Tuesday, August 30, 2005

myBBCplayer

I don't know how I missed this news release from last weekend, but when I saw it today, I just had to blog it. Reuters says:

"[The BBC,] the publicly-funded broadcaster is testing software called MyBBCPlayer to let users download its TV and radio programing, and plans to use its powerful presence to take its place among Internet media giants like Google and Yahoo."

According to this article and others, the BBC will launch the service to allow subscribers to download current audio and video broadcasts to their computers, PDAs, PMPs and mobile phones. Presumably this will be a free service (at least for UK residents). There is evidence to show that there is a significant amount of demand that the BBC website has experienced with regard to downloading media. There was their experiment with offering 9 of Beethoven's symphonies for a period of a week. During that time there were 1.4 million downloads. Similarly, following the London bombings, there were a whopping 60 million requests for their archived video footage.

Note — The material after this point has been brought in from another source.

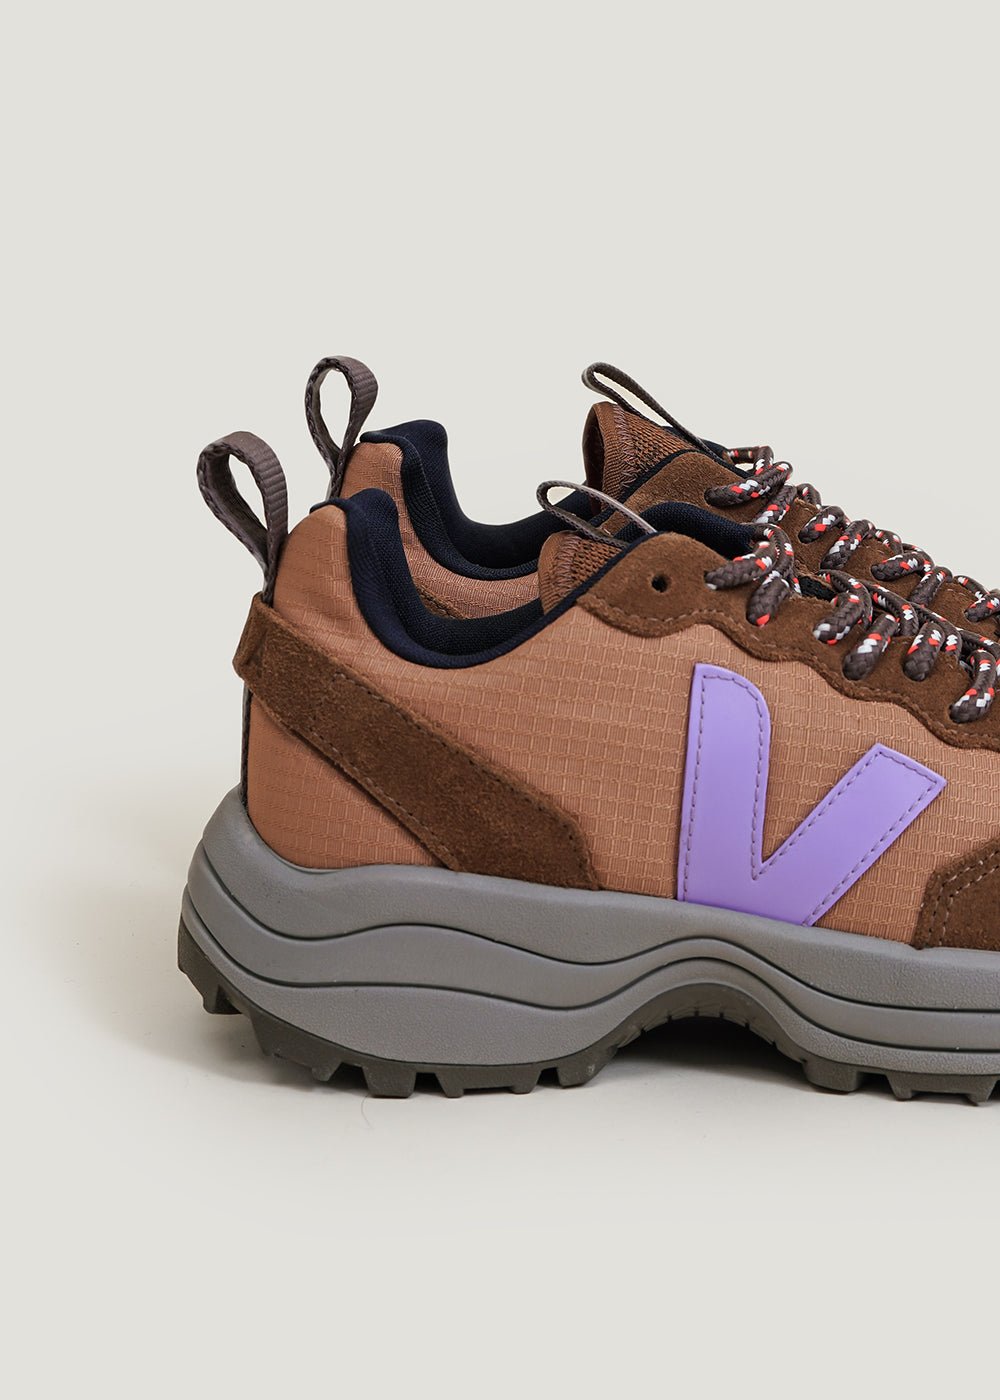 Veja Desert Lavande Venturi Sneakers - New Classics Studios Sustainable Ethical Fashion Canada

This is an organisation that really understands how to meld together old and new media. They were among the first to offer RSS feeds of their news articles, among the first mainstream media to offer podcasts of selected programming. As a highly respected news outlet, they will be ideally placed to satisfy the great demand for fresh programming, news or otherwise, with their renowned selection of news programmes, documentaries, sitcoms and comedies.

It's not hard to envision a point a few months from now, when you can wake up in the morning, sync your video iPod (coming soon!) or your Zen Vision with all the audio and video feeds that your PC has been collecting overnight, run for your train and watch the hour old news on your handheld. Or catch the latest episode of 'Doctor Who' or 'Titty Bang Bang' (ahem!).

What's more interesting is that they also plan to start offering paid downloads of popular music via the BBC site, a la Yahoo! Music and iTMS. UK media companies have cried foul over this aspect of the strategy, claiming that the BBC with its immense 3 billion pound public funding and reach will unfairly encroach on the private sector. This is certainly a fair point. But it may only be valid until 2012.

The BBC's loss of market share to multi-channel television and new digital radio stations has provided fuel to those who want its public funding to be cut or shared with other broadcasters. It has to cope with the real possibility that its public funding (from "TV Licenses") will be trimmed or removed entirely following a review in 2012, and that it will have to rely on money from (horrors!) commercial advertising and other sources.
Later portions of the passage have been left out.